6. the online optoisolator of liquid cooling hectowatt grade multimode optical fiber according to claim 1, it is characterized in that: described liquid cooling packaging system (10) comprises housing (17), liquid cooling chamber (18), inlet (19) and liquid outlet (20), at least one end of described housing (17) is provided with inlet (19) and liquid outlet (20), inlet (19) is located at the below of housing (17), liquid outlet (20) is located at the top of housing (17), be hollow structure between the outer wall of housing (17) and inwall, described inlet (19) is connected with this hollow structure with liquid outlet (20), liquid cooling chamber (18) is arranged on the two ends in housing (17), liquid cooling chamber (18) is communicated with hollow structure.

7. the online optoisolator of liquid cooling hectowatt grade multimode optical fiber according to claim 4, is characterized in that: described first patch cord (11) and the second patch cord (13) are the multimode optical fiber of 105/125,200/220 or 200/400.

8. the online optoisolator of liquid cooling hectowatt grade multimode optical fiber according to claim 3, is characterized in that: described first lens (12) and the second lens (14) are C-Lens, G-Lens or D-lens.

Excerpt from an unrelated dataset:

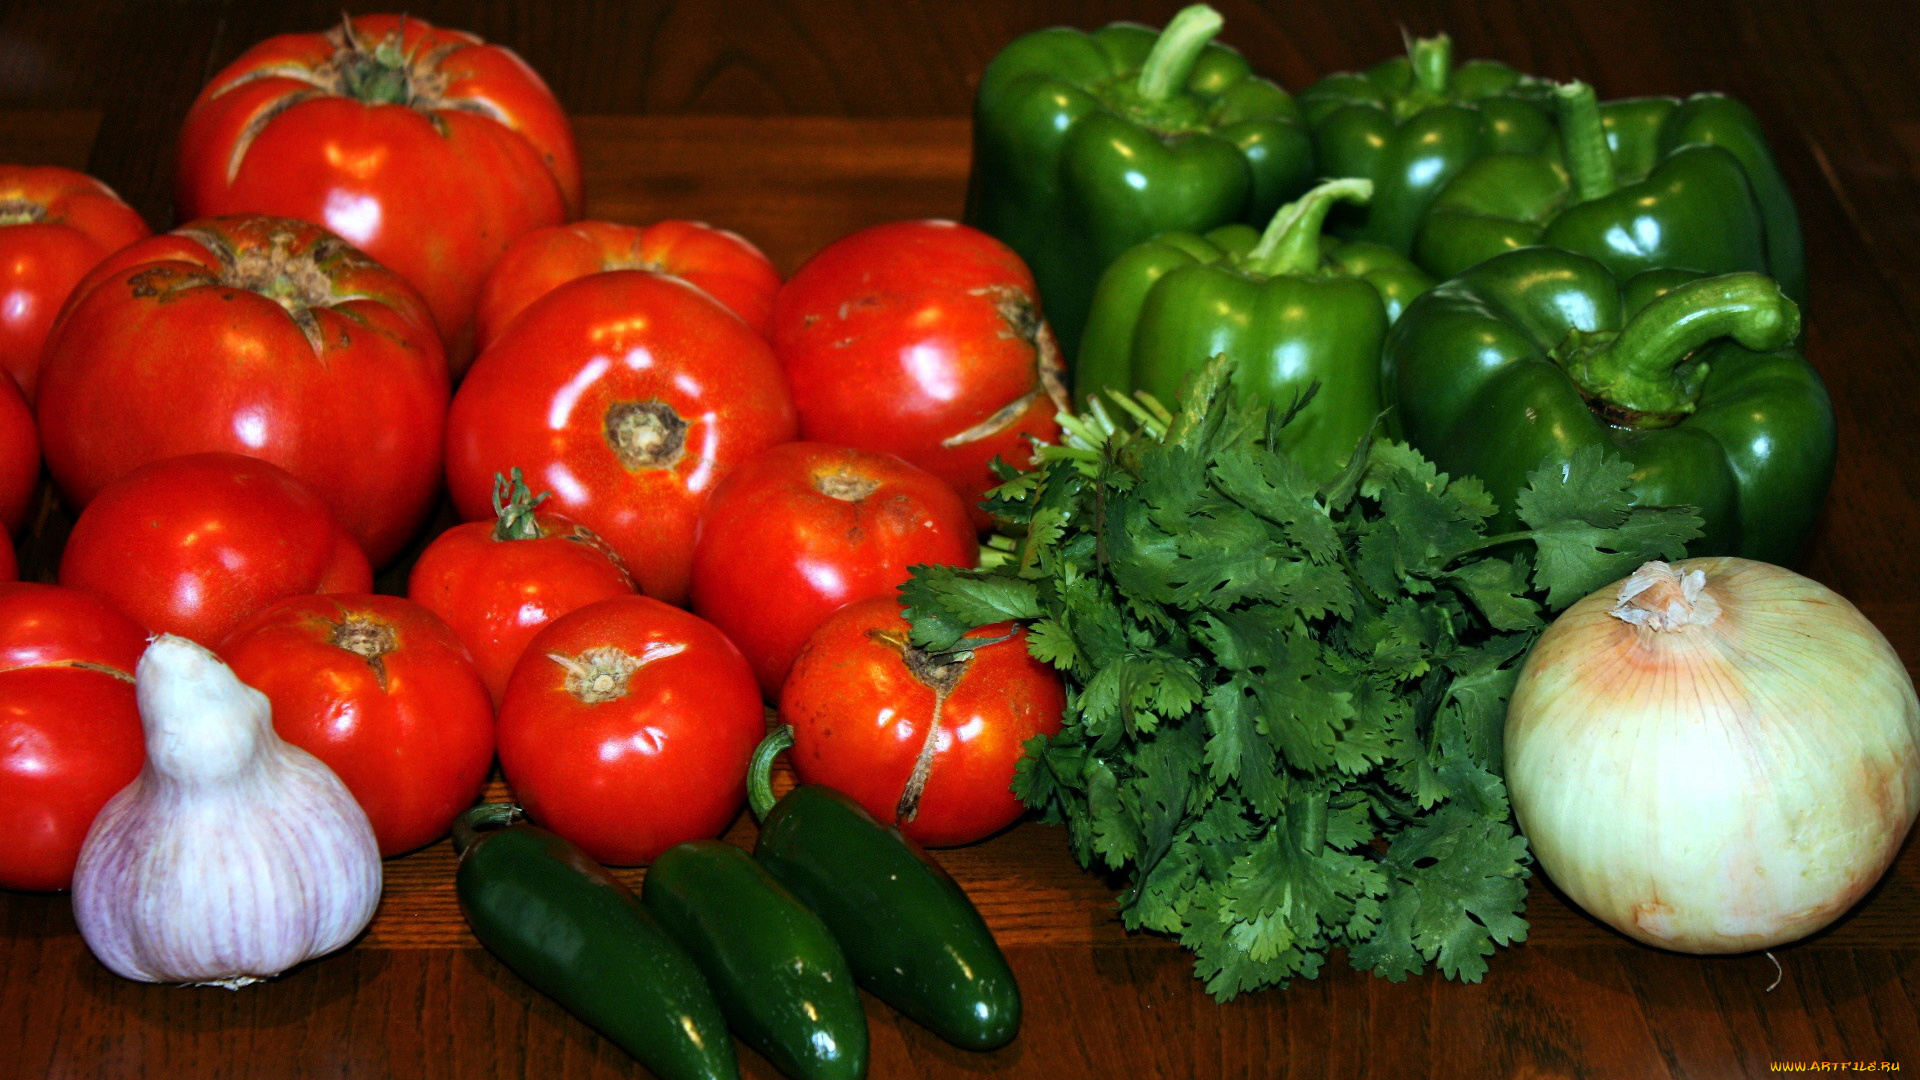 еда, овощи, перец, петрушка, чеснок, лук, помидоры, томаты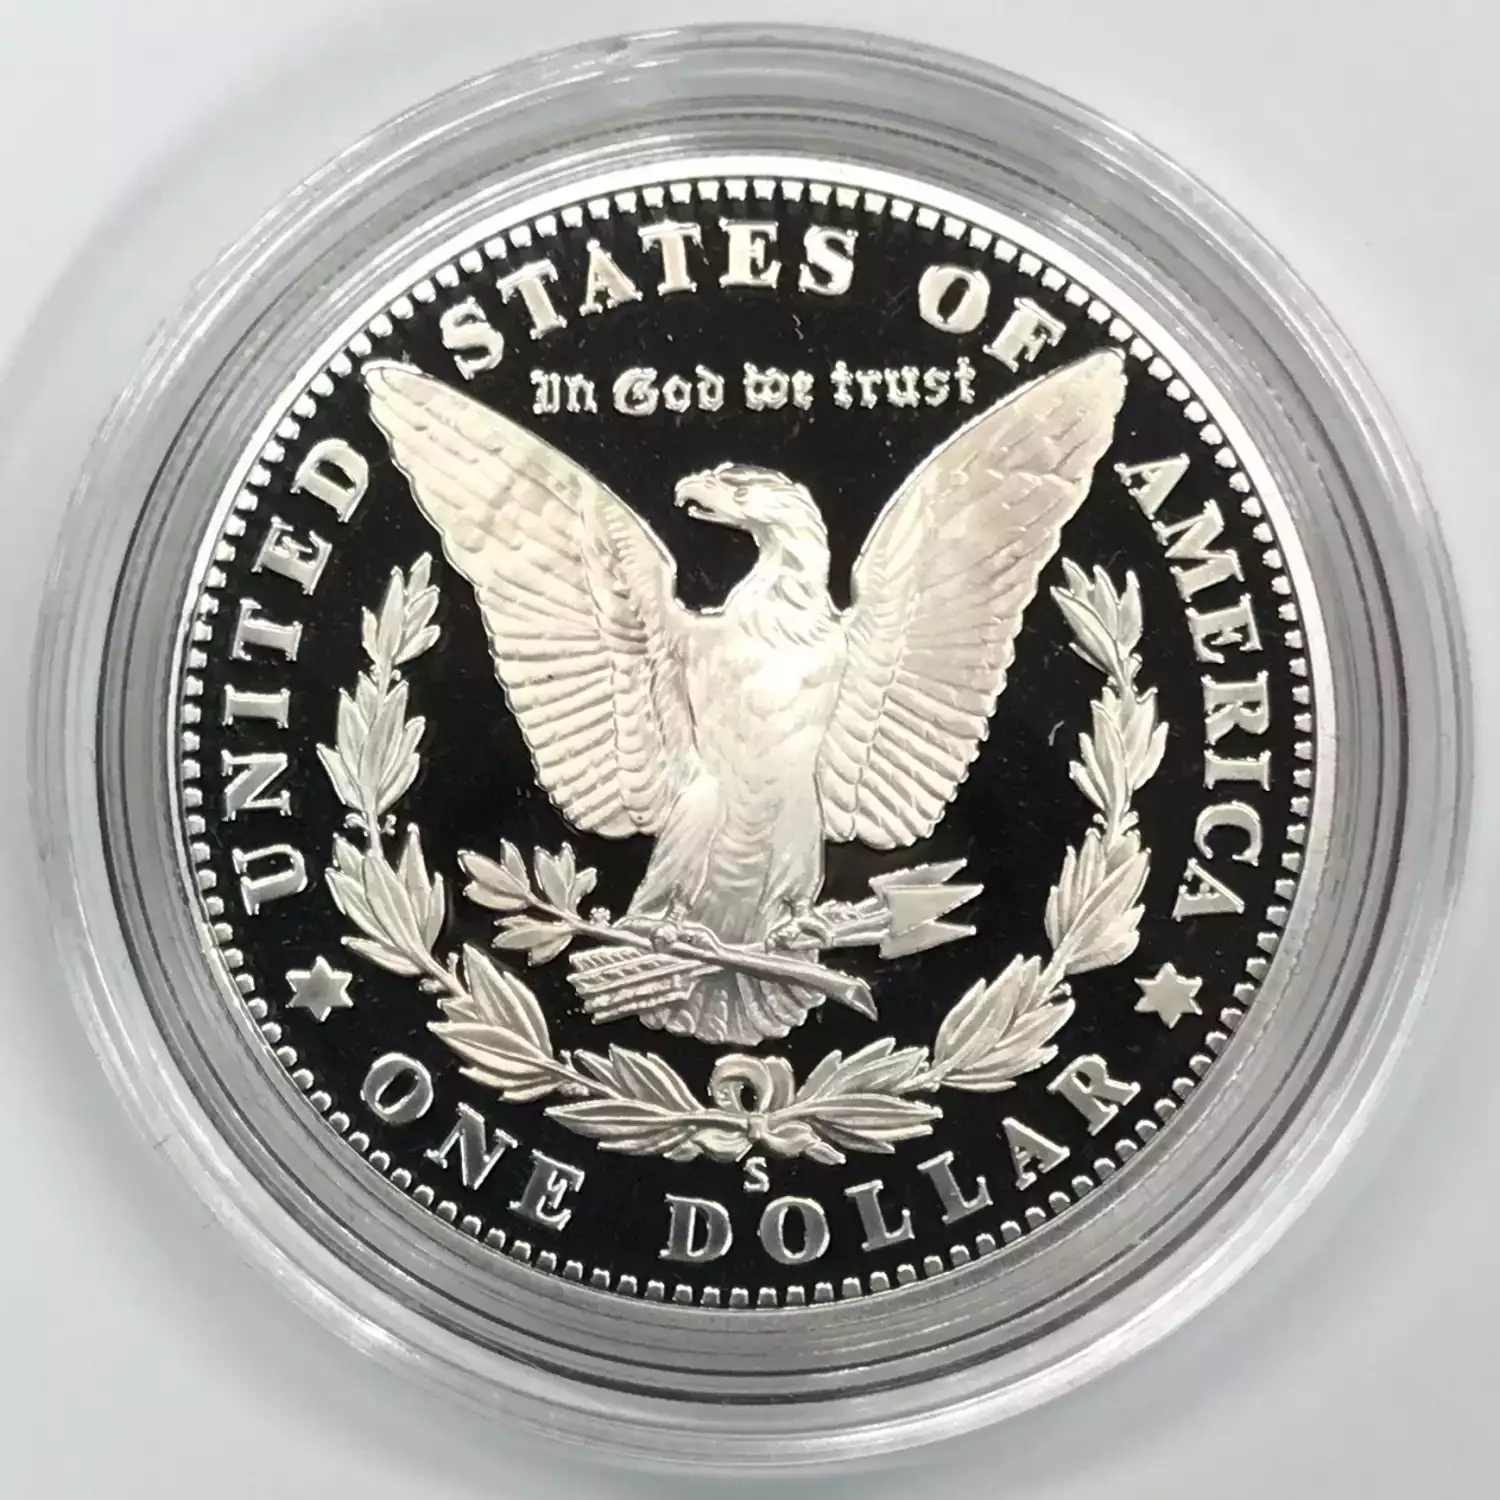 2006-S San Francisco Old Mint Proof Silver Dollar w US Mint OGP - Box & COA

9. the online optoisolator of liquid cooling hectowatt grade multimode optical fiber according to claim 5, it is characterized in that: described first birefringece crystal (5) and the second birefringece crystal (8) all adopt the angle of wedge to be the YVO4 crystal of 5.8 °, described Faraday polarization apparatus (6) adopts optically-active angle to be 45 ° of angles of wedge to be magnetic rotation crystal bar or the magnetic rotation glass rod of 1 °-3 °.

10. the online optoisolator of liquid cooling hectowatt grade multimode optical fiber according to claim 6, is characterized in that: in described housing (17), the inwall corresponding with reflector position is provided with the diaphragm (16) of F:-10 ~ 0mm.